Exercise brief -> Please give back the lines from the line containing "南门网 海报 房地产 中式 中国风 琵琶 松狮 麋鹿 系列" through the end of the listing below, exactly as written and without pictures.
---------- Provided material
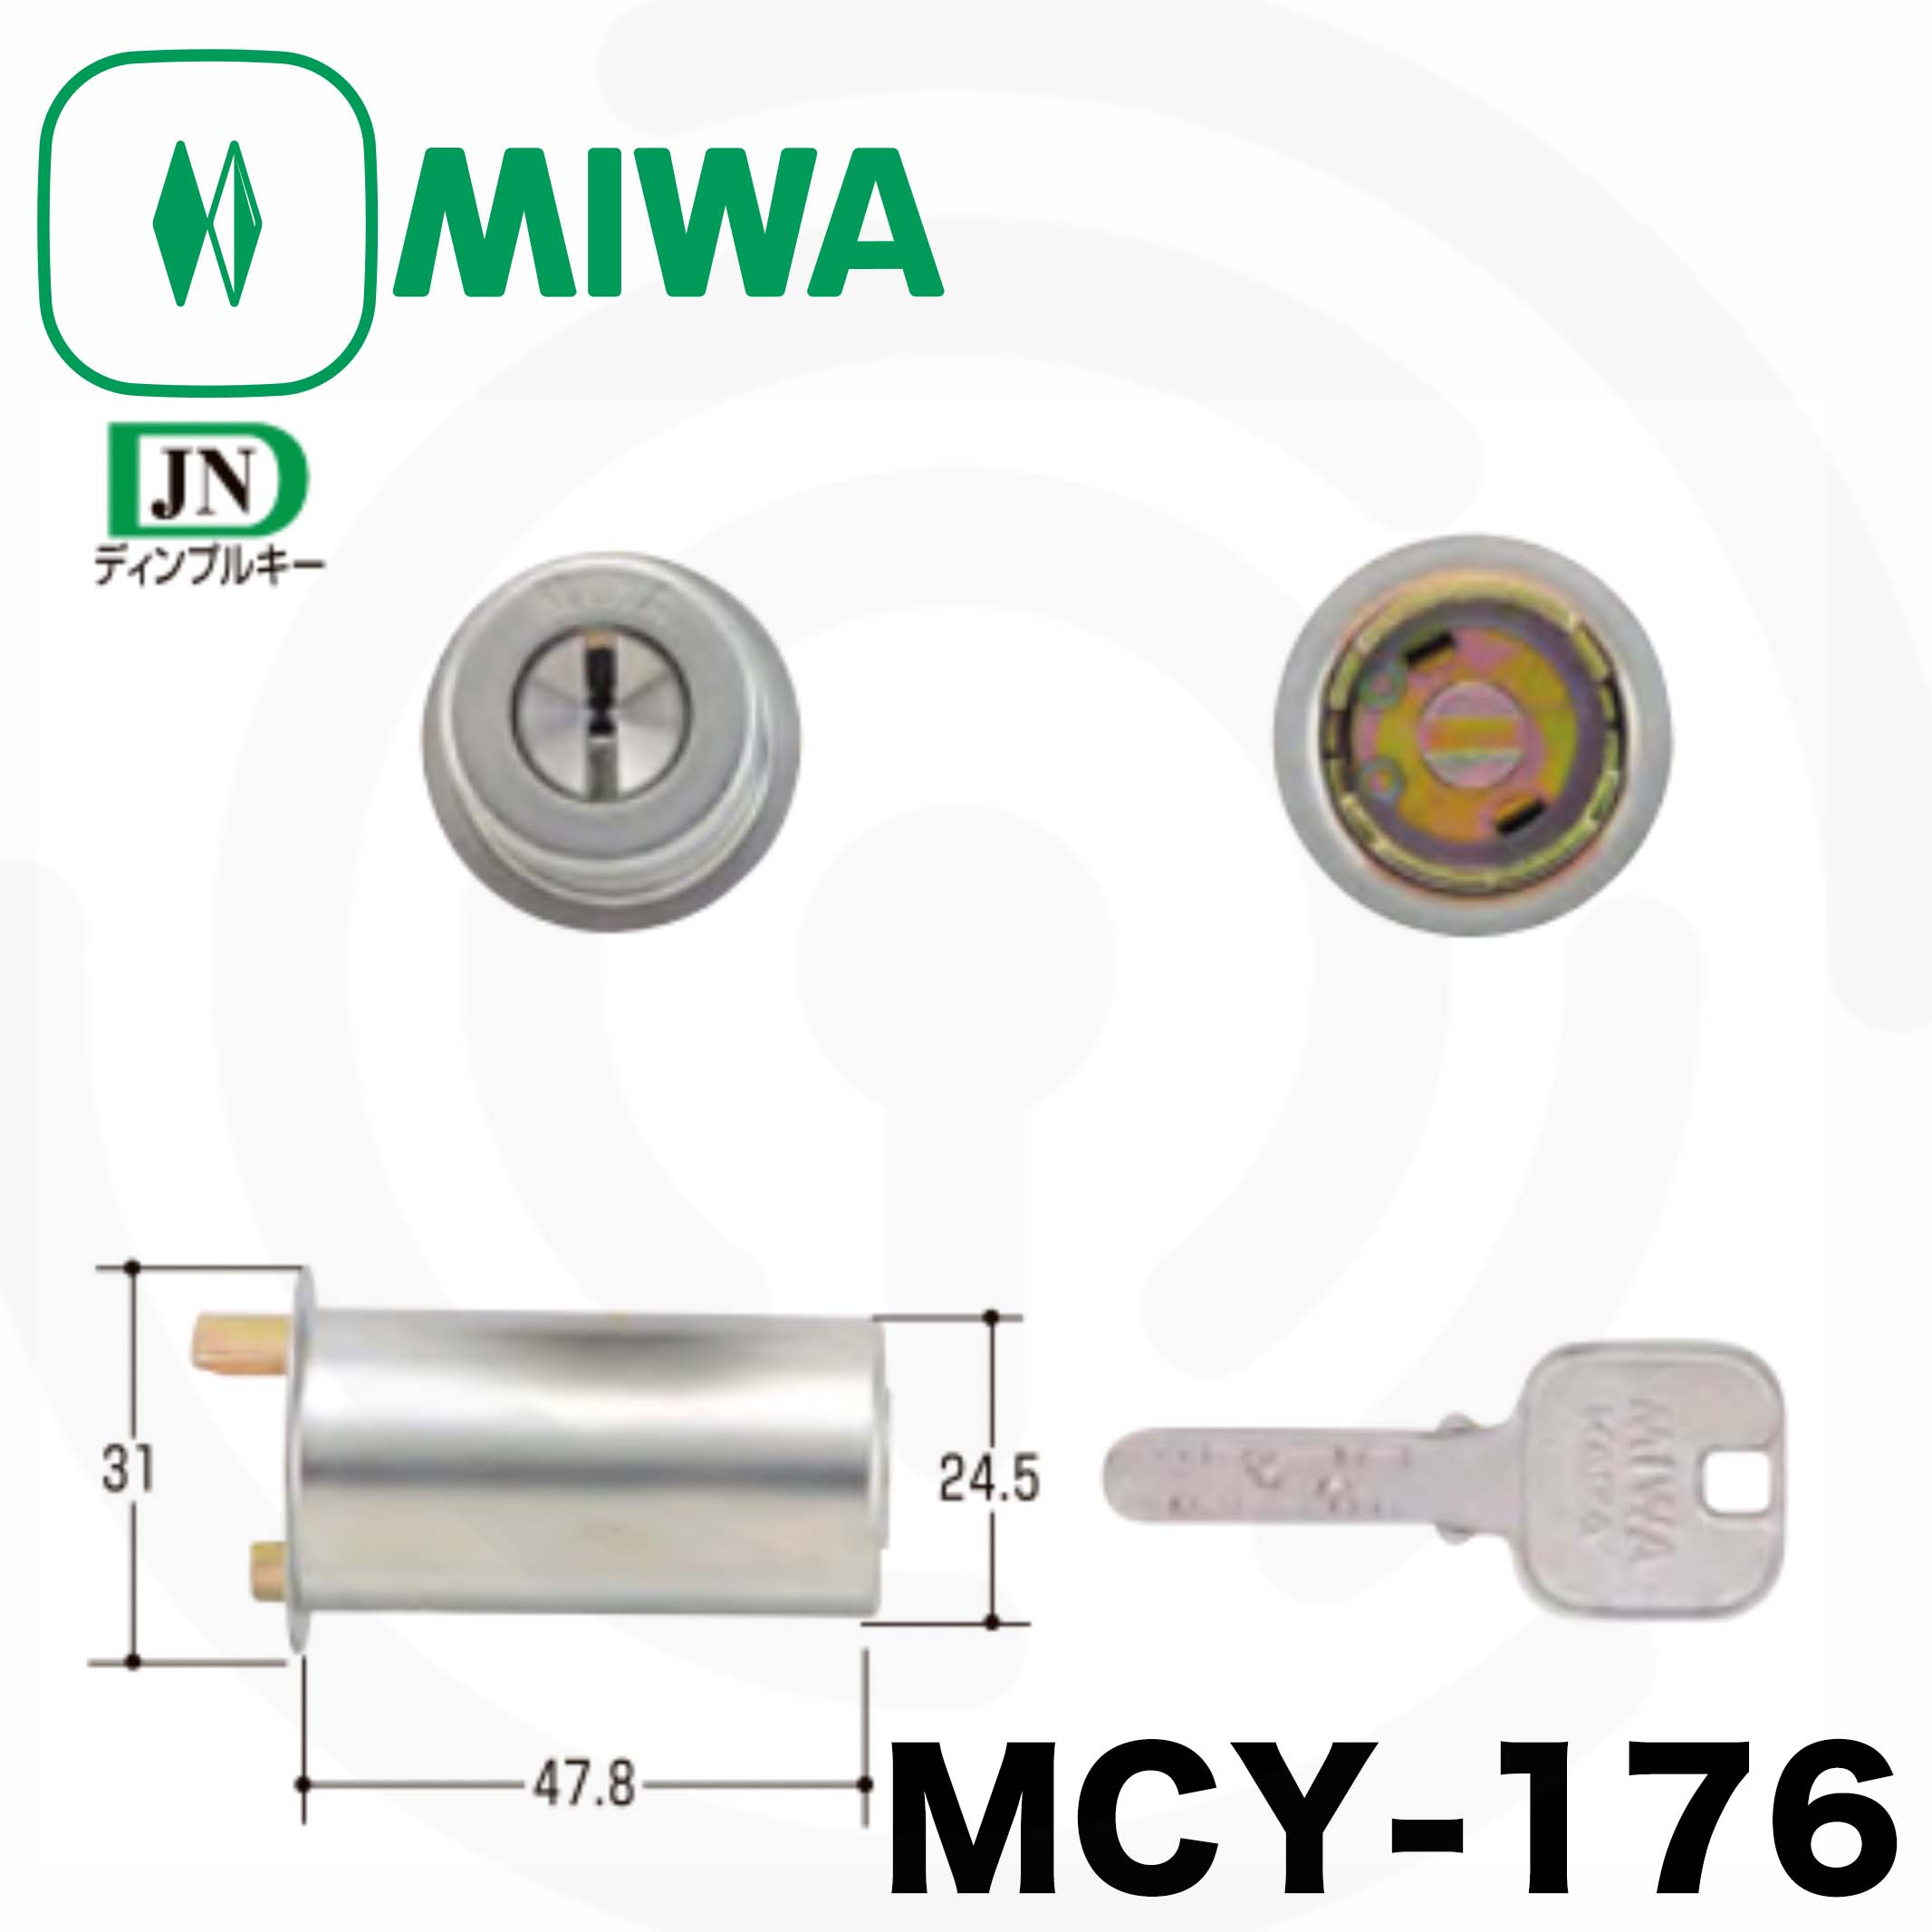 ミズタニ:MIWA取替用シリンダー MCY-128 鍵 交換用
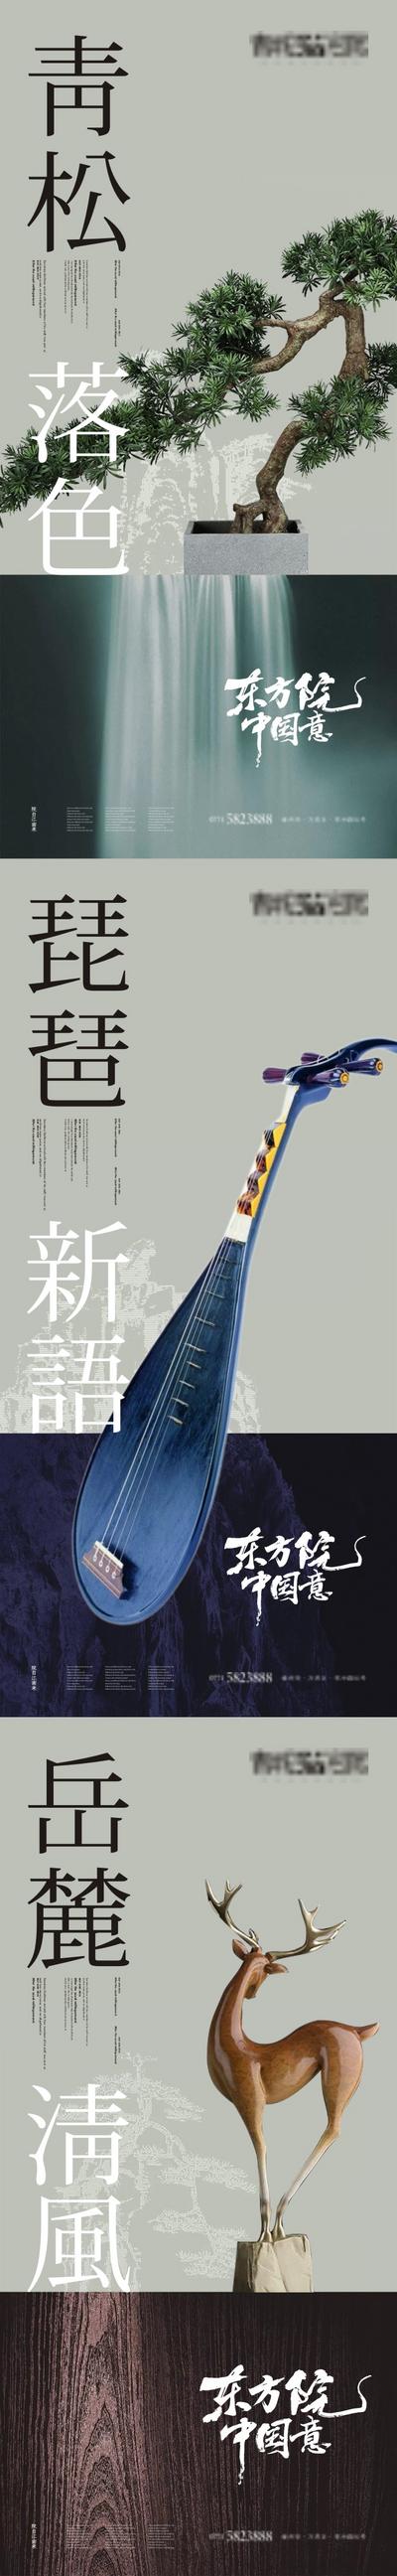 南门网 海报 房地产 中式 中国风 琵琶 松狮 麋鹿 系列
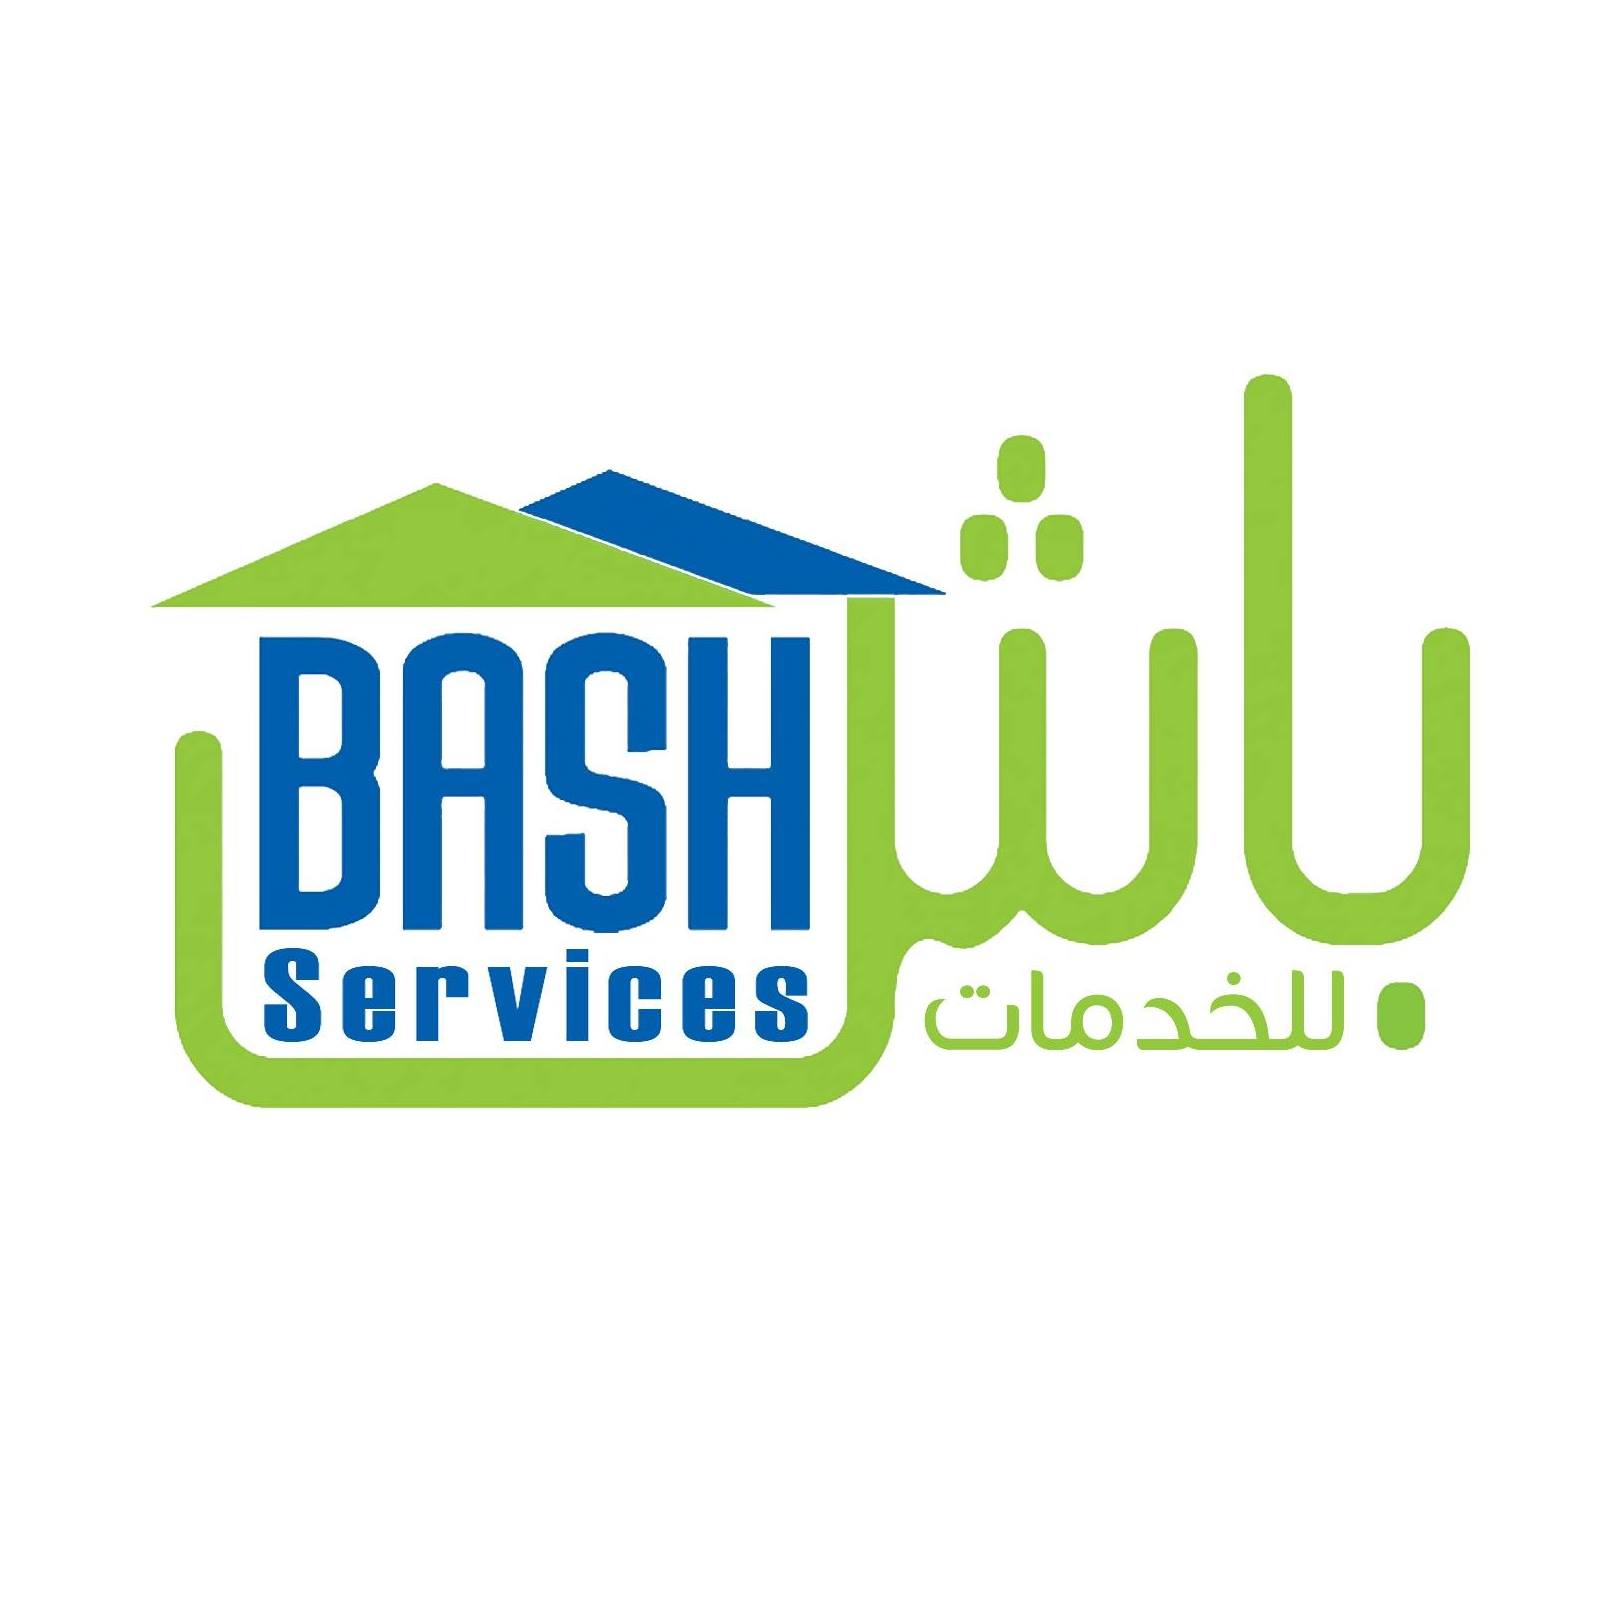 فرصة عمل في الأردن لدى شركة باش للخدمات: مهندس مبيعات زراعية
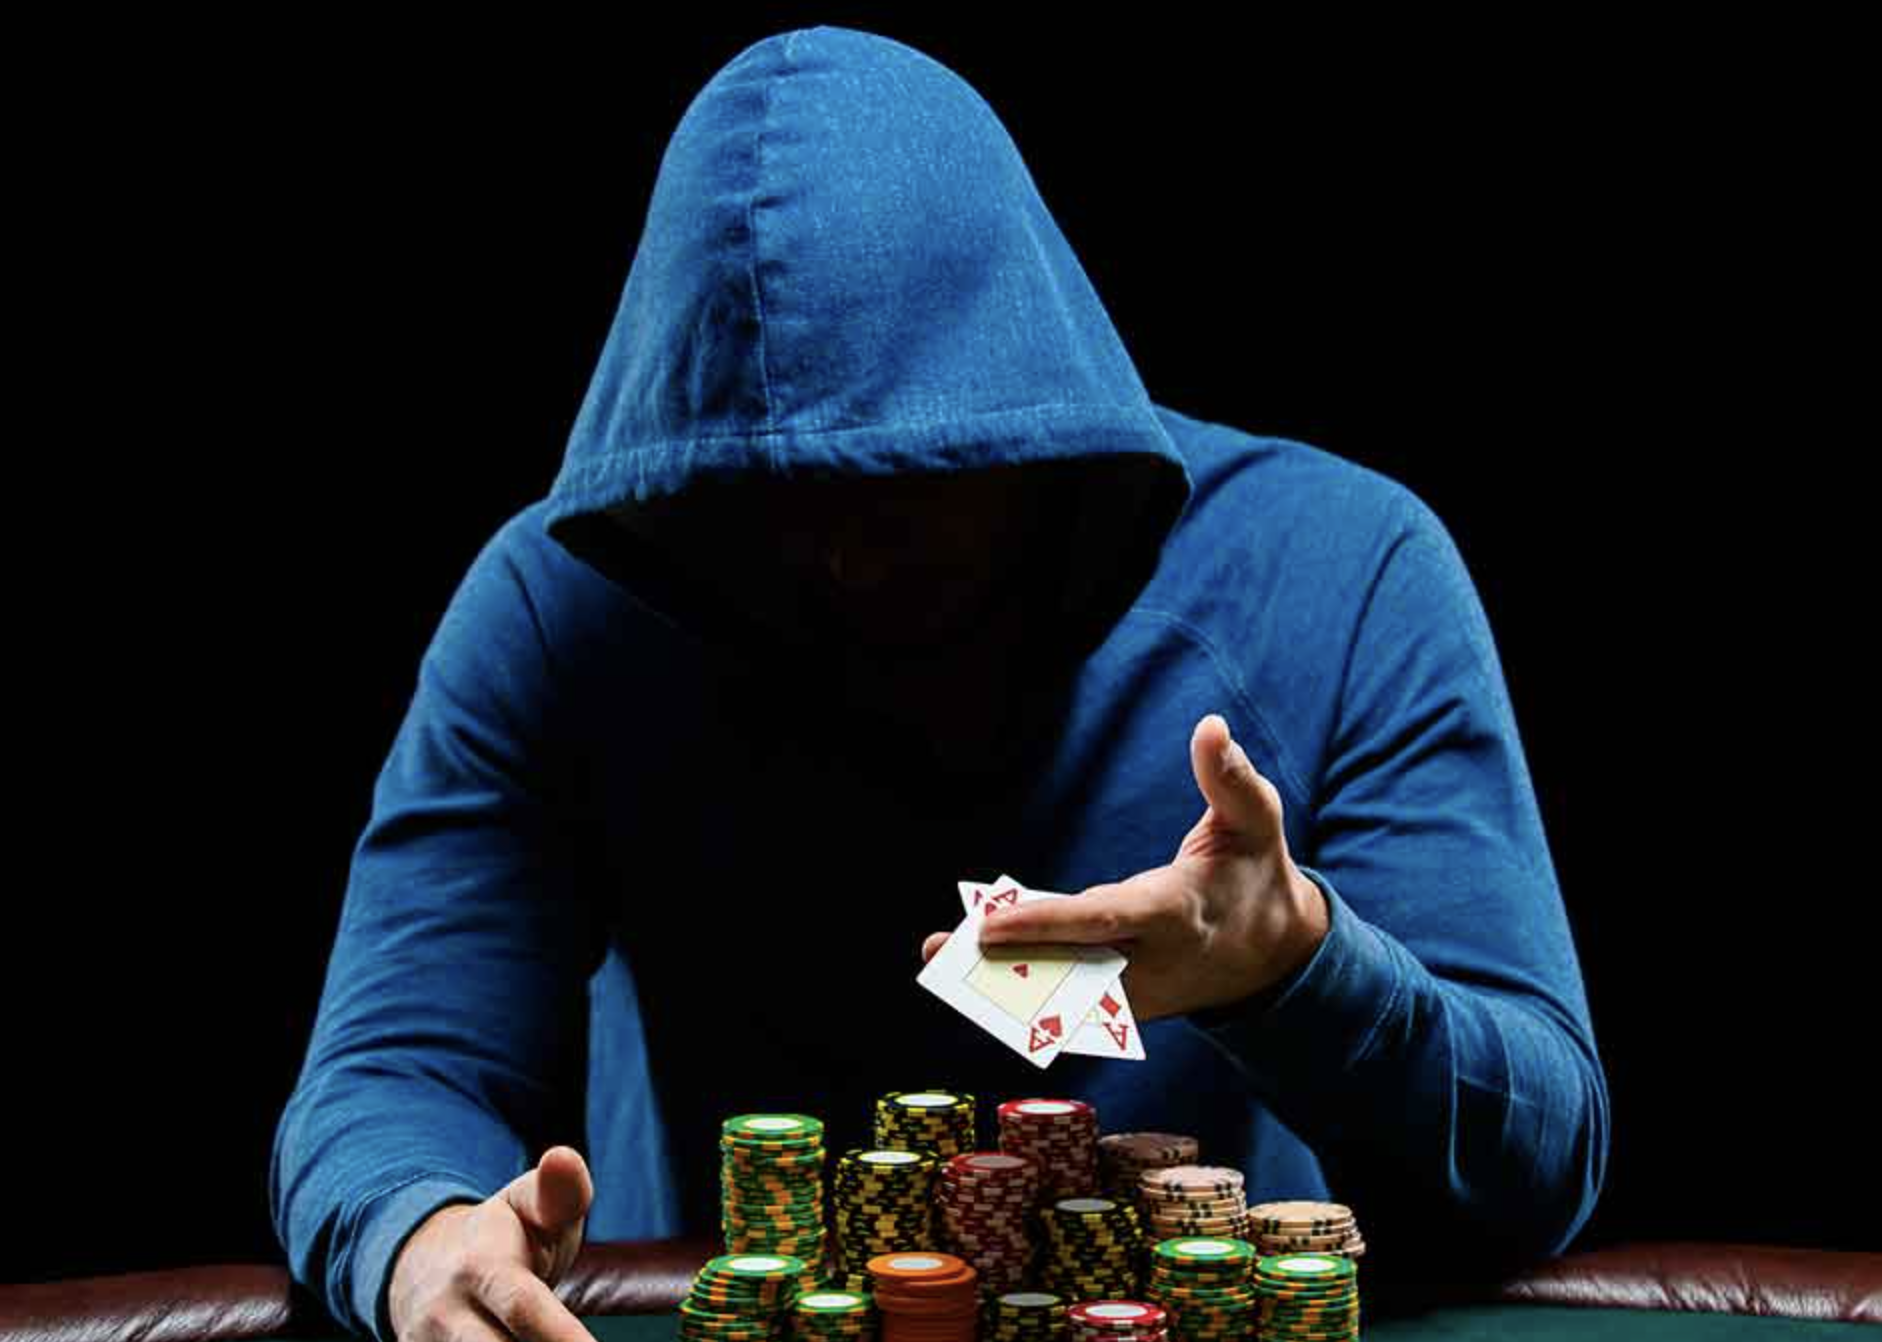 ludopatia-gioco-azzardo-problematico
--------------------
Task solution ->
 南门网 海报 房地产 中式 中国风 琵琶 松狮 麋鹿 系列
 فرصة عمل في الأردن لدى شركة باش للخدمات: مهندس مبيعات زراعية
 ludopatia-gioco-azzardo-problematico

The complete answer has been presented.